I do see, though, that this is far from applicable in Philosophy or Physics, but the thought that reality tends to work this way still exists and we can be left to ponder why.

 

[wuliheron]

It is actually an ancient question in metaphysics and physics dealing with idea that symmetry or proportion apply to everything.

Modern physical theories tend to have what is called "supersymmetry". This is a type of symmetry that always looks the same from every direction, even if you cut the figure into little pieces. For example, cut one of your spheres up and you just get more spheres. A holographic picture of a ball is a common example of this type of symmetry. No matter how many piecies you cut the holographic film into each piece retains the overall picture of ball instead of a corner here, a center piece there.

 

[fuzzyfelt]

The hardest one so far is the snake, which would have to wiggle quite a bit to tend to look like a sphere. But indeed, it would, averaged overtime. So many things tend to look like spheres. QUOTE]

Snake shapes reminds me of the hat in "The Little Prince"
http://basak.typepad.com/.a/6a00d83455b25469e201156e499e03970c-320wi
or Ouroboros.
http://en.wikipedia.org/wiki/Ouroboros


edit: Good OP username, btw

 

[brainstorm]

I like spheres because they represent flat planes in a coordinate matrix skewed by centripetal force. I wonder if anyone ever thinks that the same way the Earth appears flat on the surface, the solar system, galaxy, etc. might just appear flat because of our location on its "surface." I don't know how this could be possible considering that galaxies are observed to be flat at a far distance, but then maybe each galaxy is just a "plate" on the surface of an expanding sphere. Anyway, the point wasn't really to speculate but to illustrate that there is a perceptual tension between 2D planes and sphere-surfaces where centripetal force is present - I just wonder how much this effect could explain.

 

[novop]

Who needs centripetal force? A large enough sphere will appear to be flat in local areas, regardless of what forces are acting on it.

 

[brainstorm]

Who needs centripetal force? A large enough sphere will appear to be flat in local areas, regardless of what forces are acting on it.

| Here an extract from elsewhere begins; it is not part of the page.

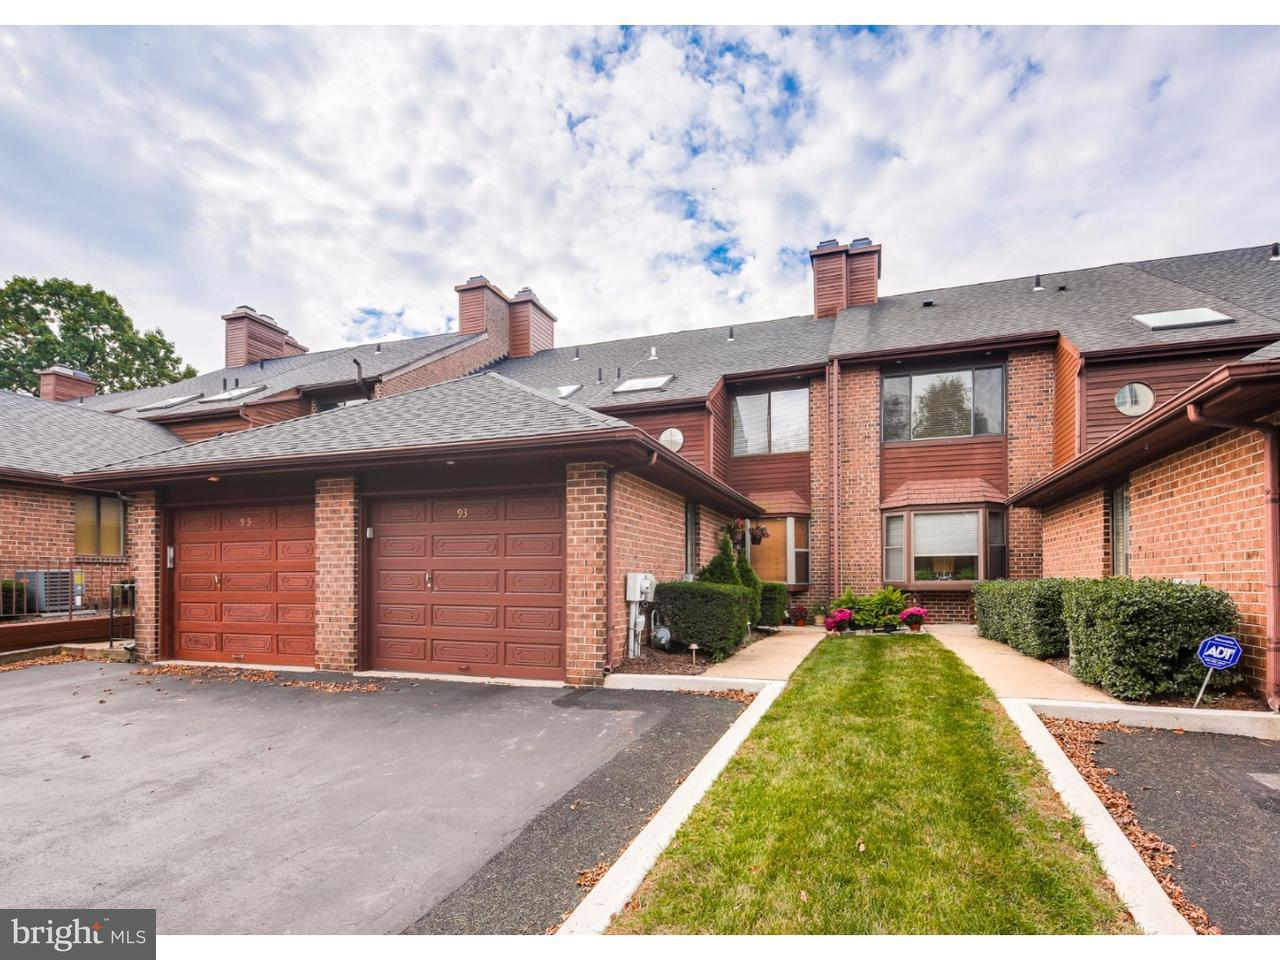 Condominium for Sale at 93 TIMOTHY Circle Radnor, Pennsylvania 19087 United States

I guess that's a good point, but wouldn't that be true of any 3D shape, such as an egg or a doughnut? I like the centripetal force because it causes the sphere's surface to be literally flat in terms of all lines of force being perpendicular to the surface. Would this be true of any other 3D shape?

 

[novop]

Sure. But objects with a much higher curvature would have to be relatively larger to provide that same sense of "flatness".